XOXO, Gossip Girl
- Clarisse Danielle
- Feb 26, 2019
- 1 min read

Guilty, guilty, guilty... I confess... I was a huge gossip [girl]. In fact, I still work towards catching myself spreading unwholesome talk today!
I used to thrive on hearing crazy stories about others! And then I would judge! I would judge everyone so darn harshly... sigh...
And then I would attempt to hold myself to higher standards so I could justify my judgements. It's like I was I this inconspicuous competition with everyone around me. I had to be better than their life and their choices. And this would continue into a vicious cycle... until the Lord broke me. Until he broke the life I had that I thought was perfect.

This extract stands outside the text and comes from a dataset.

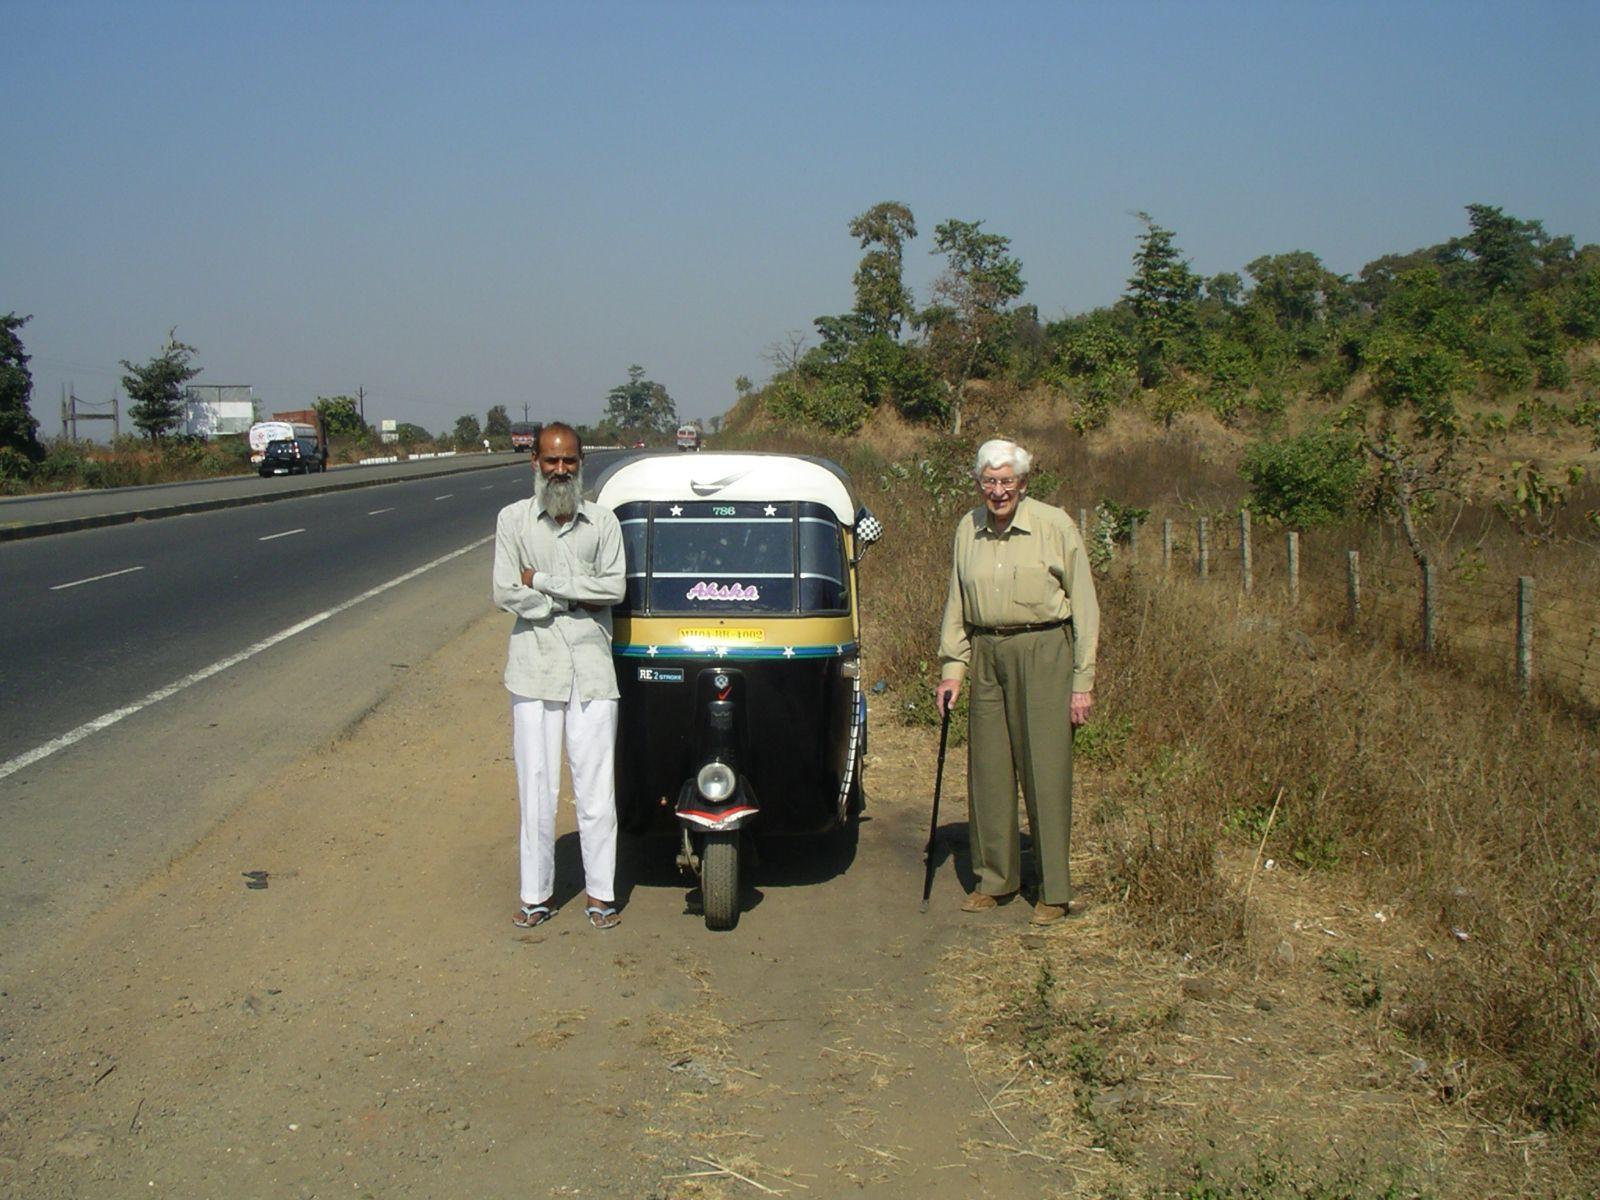 Felix Heidenstam - long-distance by auto-rickshaw!

He put me in a place where everything I ever wanted was taken from me. He gave me exactly what I needed - He humbled me. He taught me compassion and that judgement is only done by Him. Not me. Who I am, who you are, is not up to us, not up to humanity. It's my duty to love others, regardless if their choices, life, and preferences are different from mine.
Today, I still enjoy hearing how others are doing. But instead of judging others, I pray that they are able to have the best life they can. I pray that they are blessed in abundance. I pray that they are truly happy. Because I learned that this life we live is NOT a competition. There is enough in this world for each and every person. And there is enough love from God for each and every creation.